Changing the Face of Hunger ... published April 4, 2006 by W Publishing Group
An NYU economics prof writes about two tragedies: the existential lot of the world's poor; and the fact that after a half-century of Western aid totaling to $2.3 trillion, many millions of poor people still want for such life-saving materials as $4 mosquito nets. The author maintains that the failure of Western aid is largely a function of well-intentioned hubris. "Planners," he says, concoct grand schemes to fix the whole world all at once and thereby fail to understand and ameliorate the particular problems of specific people. Then, when Planners fail, they simply dream up new grandiose designs -- and fail again. Easterly prefers a piecemeal approach: that of "Searchers," who are constantly on the lookout for concrete, results-based solutions to local needs. The book's intentionally provocative and bombastic as one might expect from a writer who last year did a hatchet job on a book by one of the world's most renowned and respected poverty-fighting economists, Jeffery Sachs.
The White Man's Burden ... published March 16, 2006 by The Penguin Press HC
The author of last fall's provocative and incisive avian flu tome The Monster at Our Door (which Davis has called a "spinoff" of Planet of Slums) says that potentially pandemic bird flu is but one byproduct of global slumification -- and that H5N1 is a harbinger of other catastrophic woes now incubating in vast slums gripped by squalor and misery so profound as to exceed most Americans' darkest imaginings. Says Davis,
There may be more than a quarter of a million slums on earth. The five great metropolises of South Asia (Karachi, Mumbai, Delhi, Kolkata and Dhaka) alone contain about 15,000 distinct slum communities with a total population of more than 20 million.
So observed the self-described "Marxist-Environmentalist" in a distillation of Planet of Slums that appeared in the New Left Review two years ago. Unsurprisingly, Davis says that the explosion of the incidence and size of slums is no accident, but a function of the policies of the IMF, the World Bank, and the White House.

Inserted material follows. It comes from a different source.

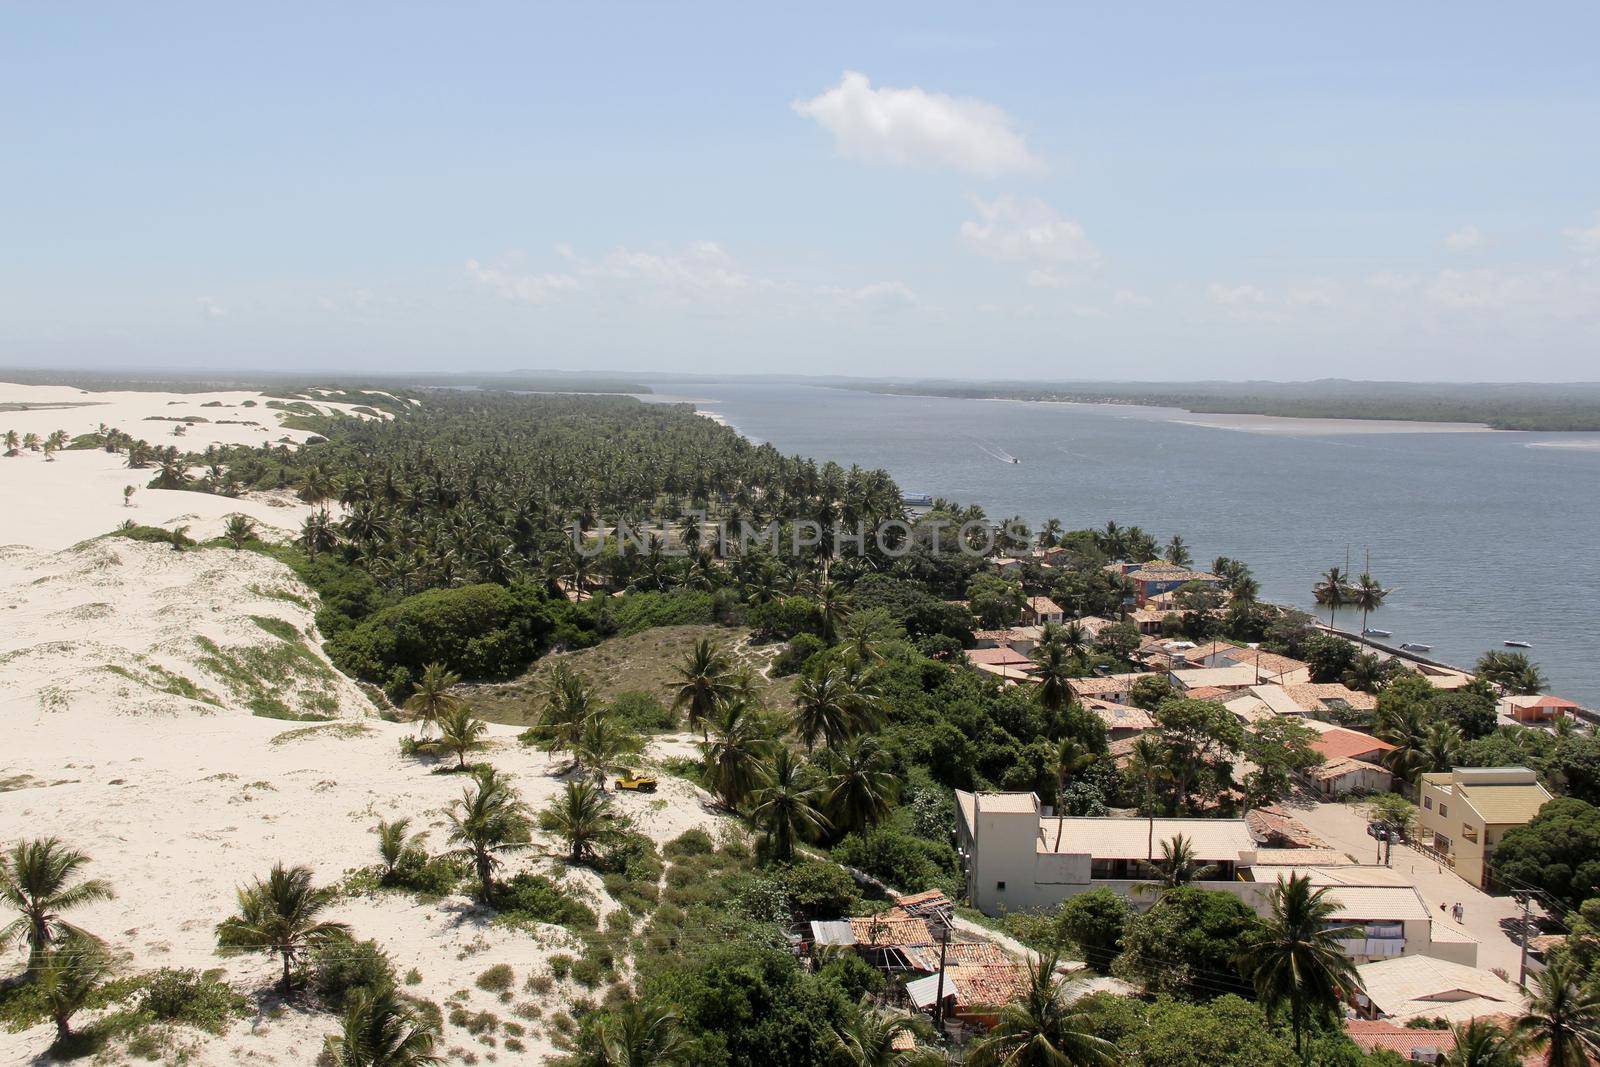 jandaira, bahia / brazil - december 24, 2013: aerial view of the sand dunes of Mangue-Seco, in the municipality of Jandaira.
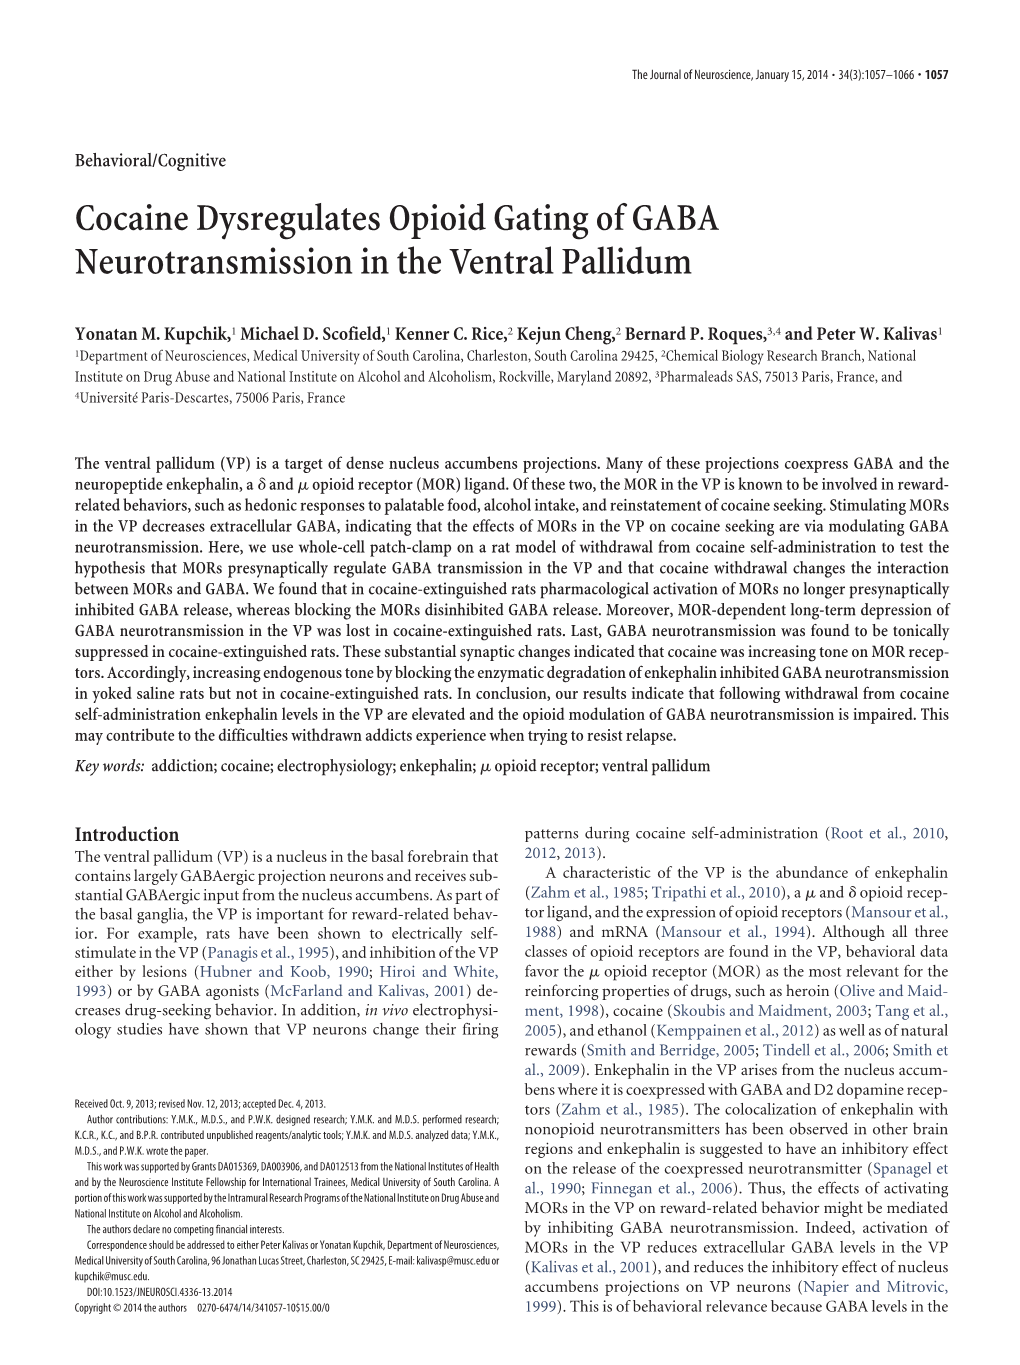 Cocaine Dysregulates Opioid Gating of GABA Neurotransmission in the Ventral Pallidum

Planet of Slums ... published March 1, 2006 by Verso
Authored by the veteran Business Week journalist who wrote that magazine's 2003 cover story on Wal-Mart, this may be the most comprehensive and professionally reported of the burgeoning crop of Wal-Mart indictments to date. (Other recent offerings: Wal-Mart: The Face of Twenty-First Century Capitalism and Wal-Mart: The High Cost of Low Price, available both as a movie on DVD and as a paperback.)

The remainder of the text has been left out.